Yeah, them's some scientists you got working for you, ain't they, Mr. Nader??? < --- Assume inadequate level of disgusted sneering applied due to limitation of human facial muscles.

In short, it was a hatchet piece on the nuclear power industry disguised as a news report. The incident had nothing to do with nuclear power generation in the west (the laboratory using the ridiculous disposal techniques was a weapons R&D lab), any more than Chernobyl did a half-decade later (The primitive technology used at Chernobyl has never, ever even been seriously proposed for application in a power generation installation, and the kind of incident that happened is literally impossible using Western designs)

OBloodyHell said...

"24" -- what's he on, like, his sixth president? He may save the world, but he doesn't seem to be doing much for the PotUS, is he?
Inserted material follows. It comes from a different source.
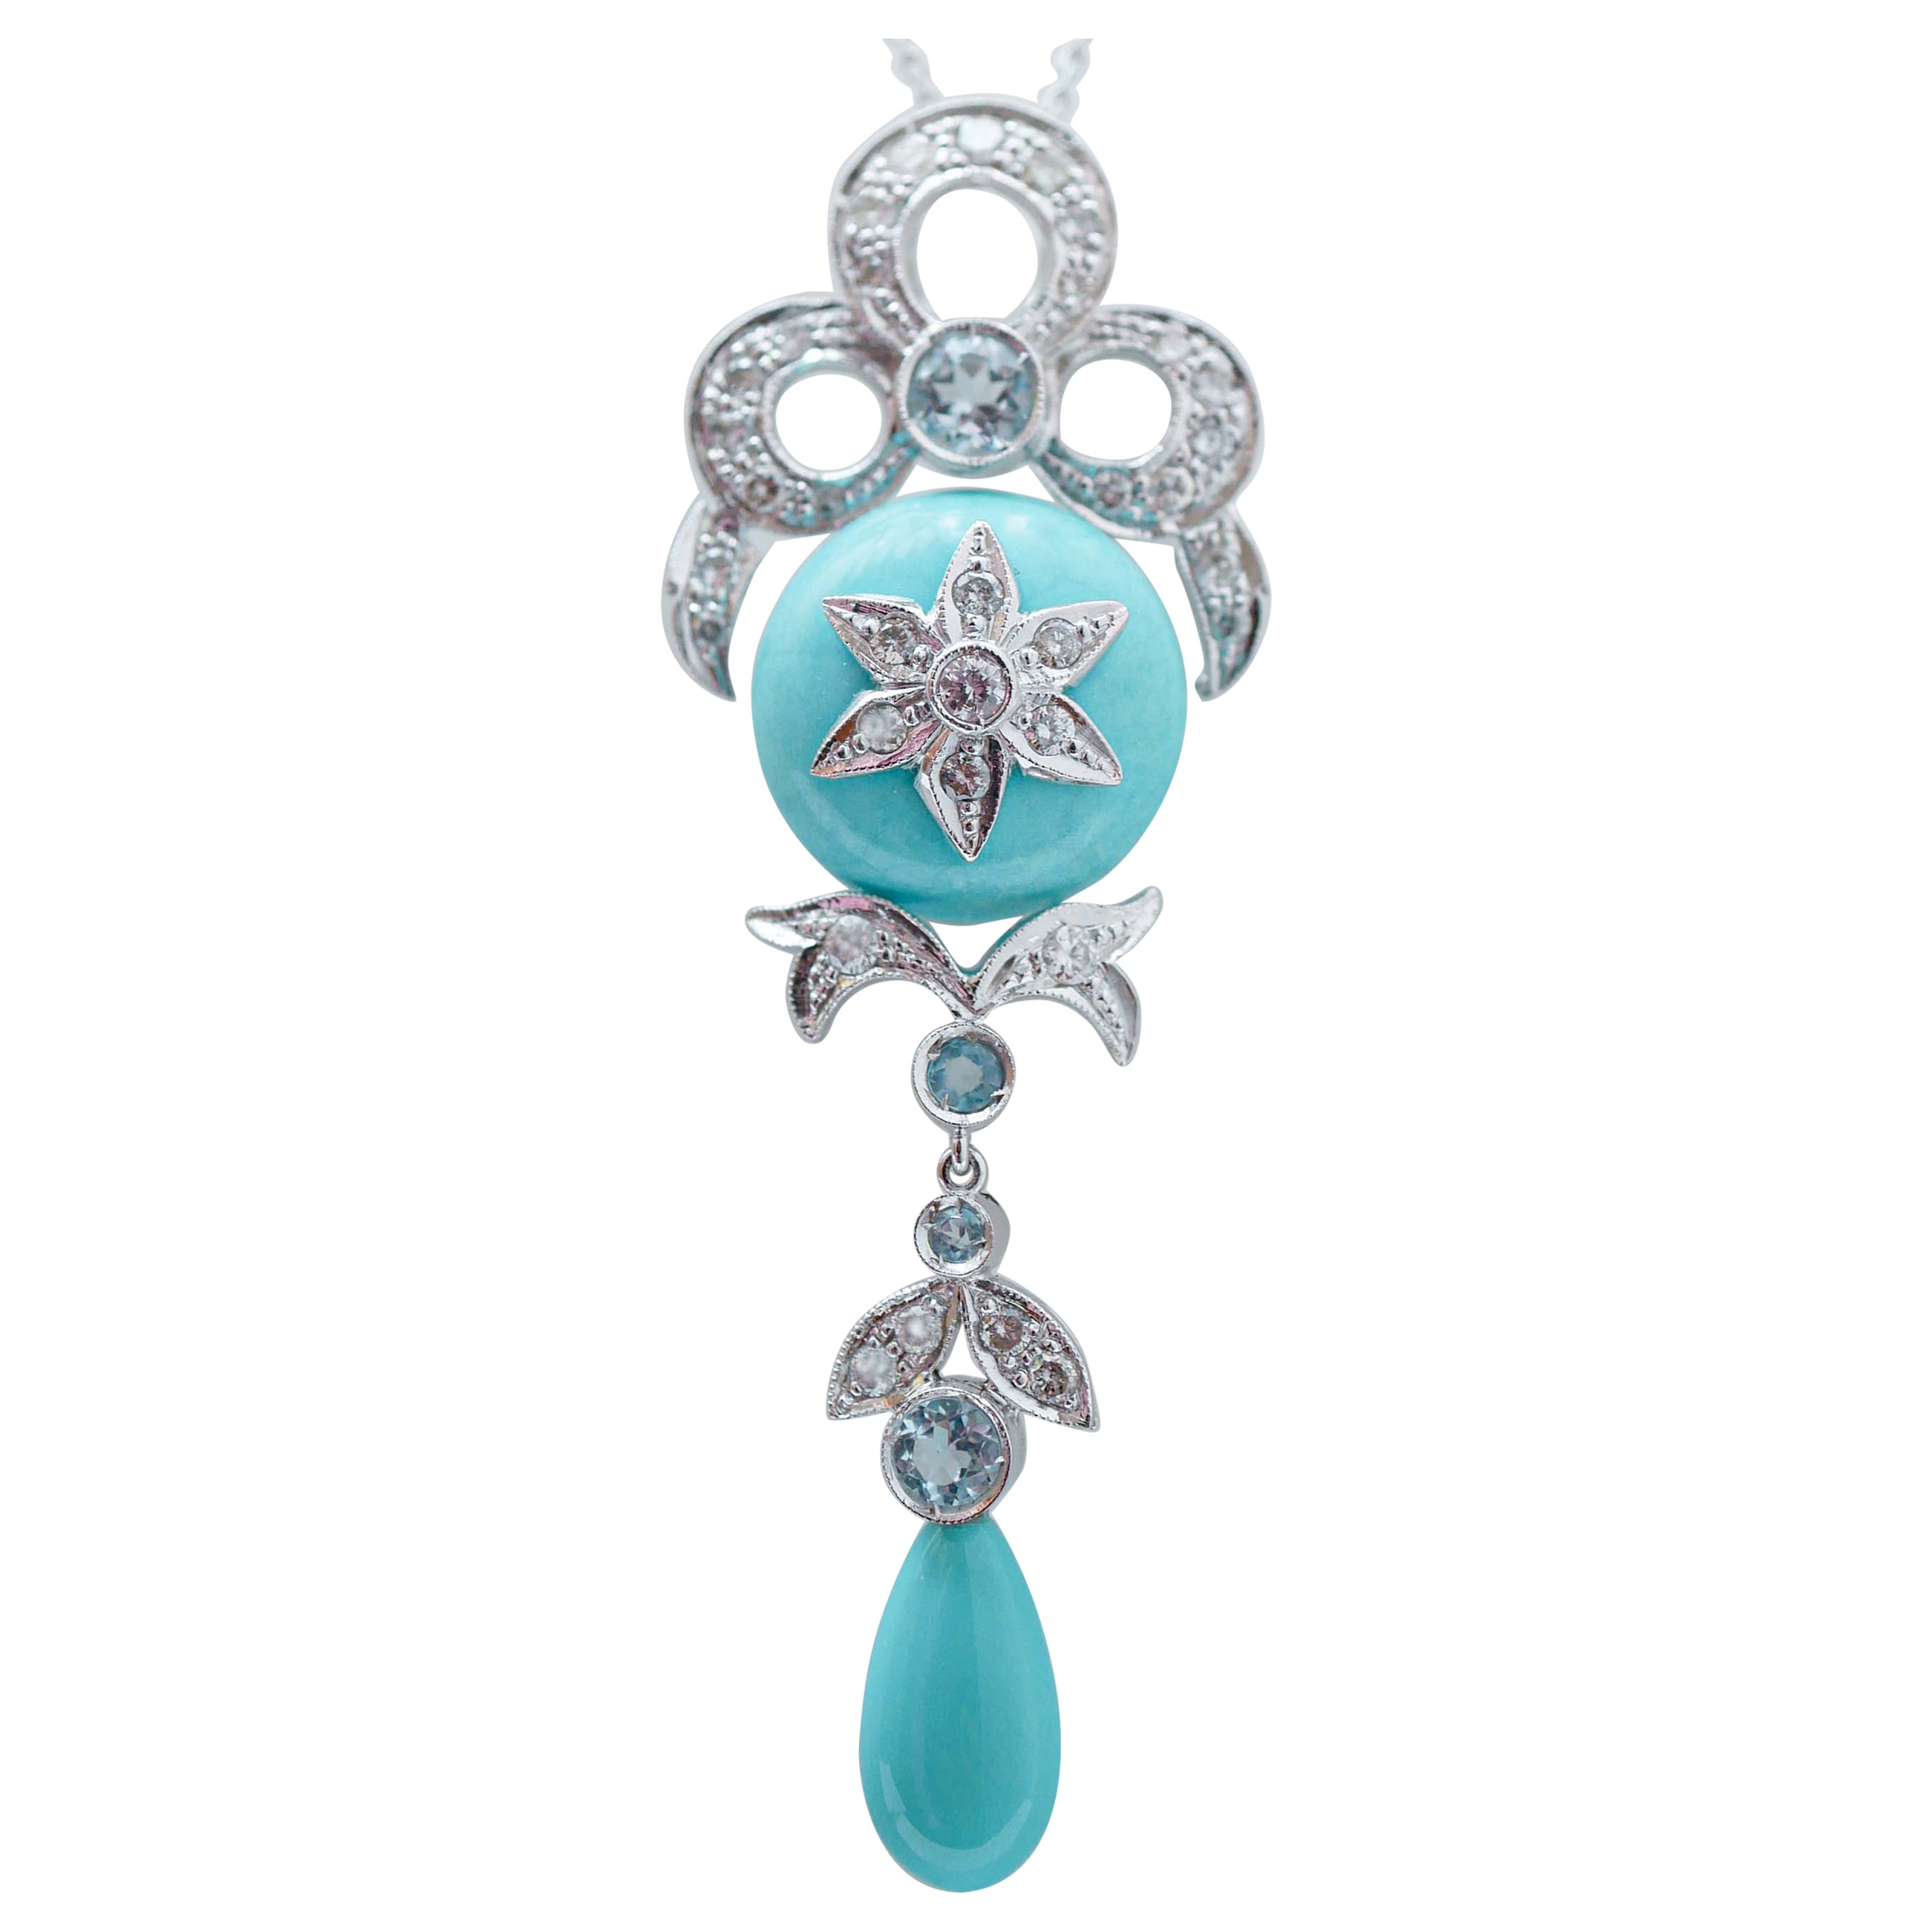 Turquoise, aigue-marine, topazes de couleur, diamants, collier à pendentifs en platine.
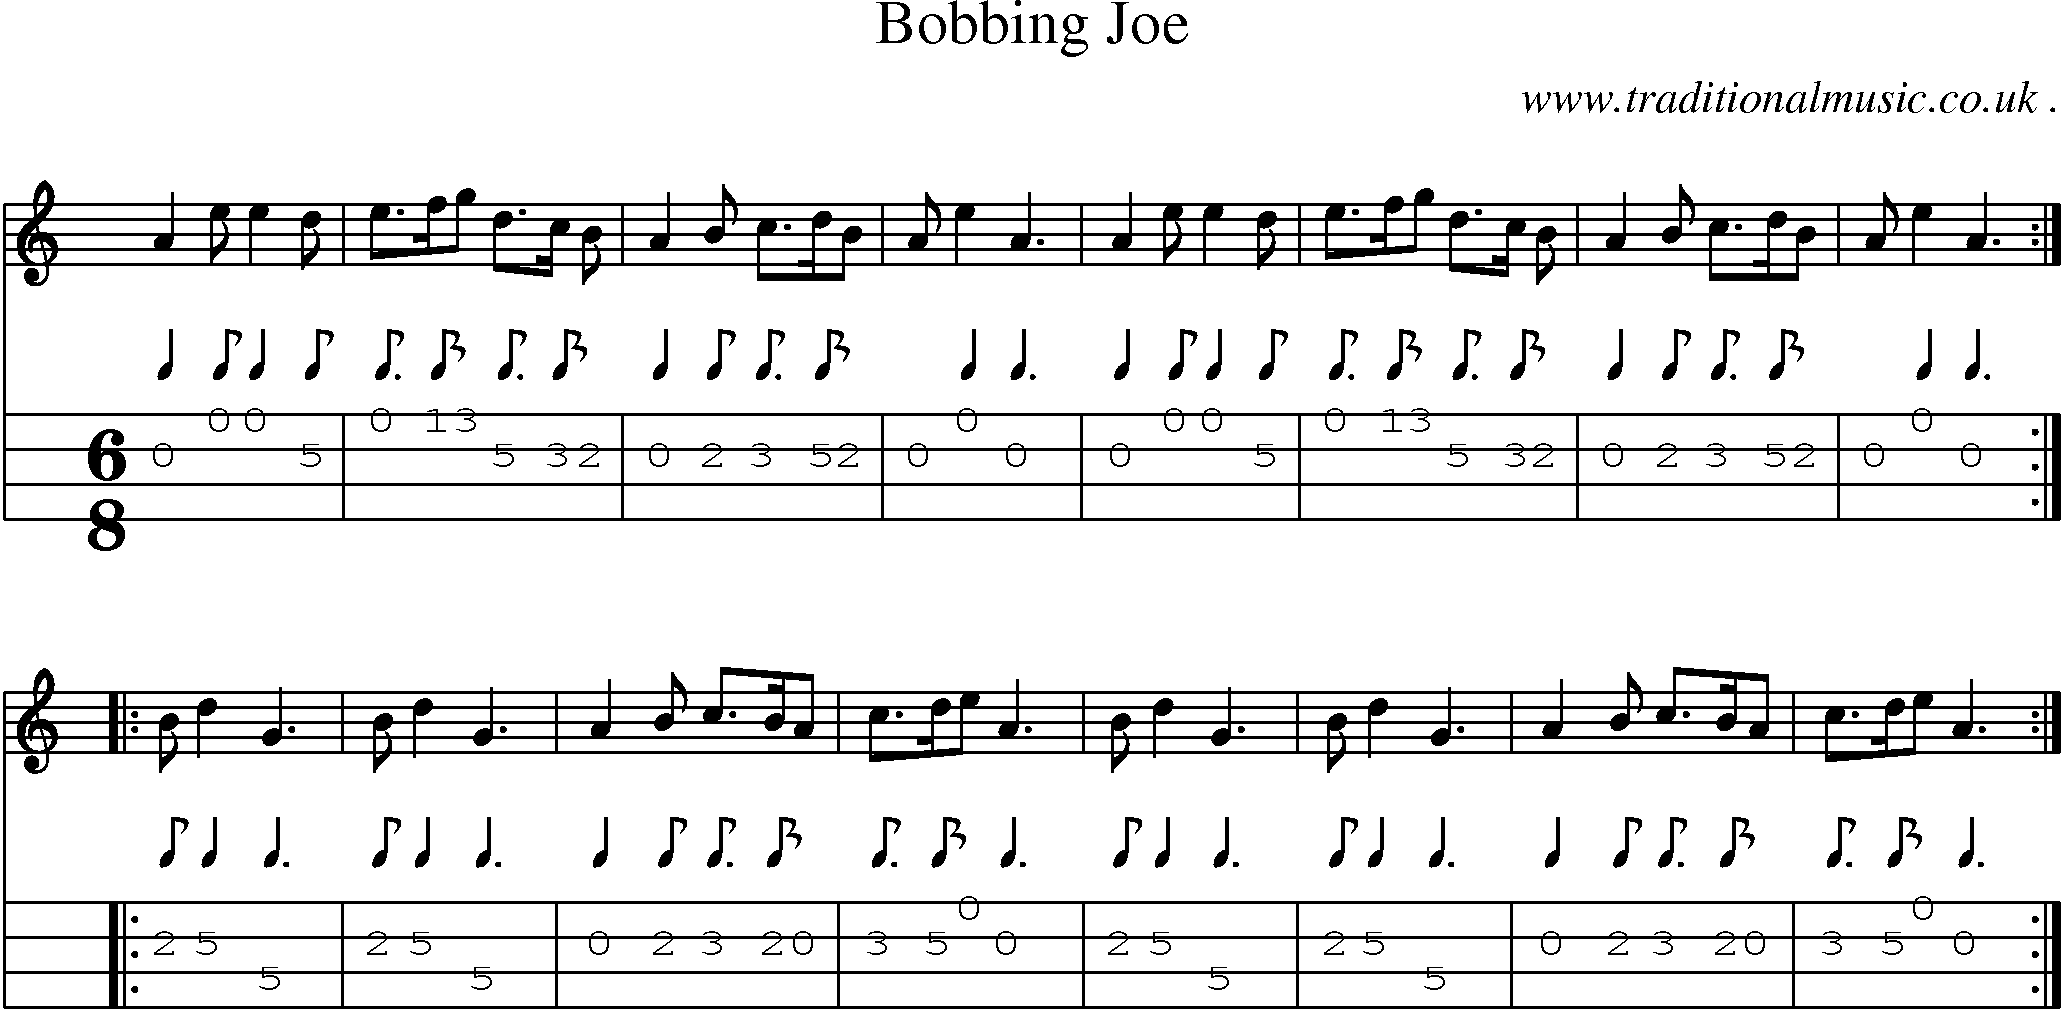 Sheet-Music and Mandolin Tabs for Bobbing Joe

"Mad Men" -- I kinda want to like this show but maaaannnnn, is it dark and dreary. Its view of the early sixties is like a full-employment guarantee for suicide hotlines around the nation. Rather a bit of a contrast with That Thing You Do, which is about exactly the same time era, innit? You can look for the darkness, or you can look for the light. And I know which the creators of Mad Men are looking for.

@nooil4pacifists said...

I gave up on "60 Minutes" when I turned conservative in the late 1970s (thanks Jimmy!). As for "Mad Men," I had the same reaction, especially regarding the "romantic" sub-plots (which all seem doomed). For a hilarious and decidedly non-dark take on 1960s ad execs, read Jerry Della Femina's "From Those Wonderful Folks Who Gave You Pearl Harbor," now sadly out of print.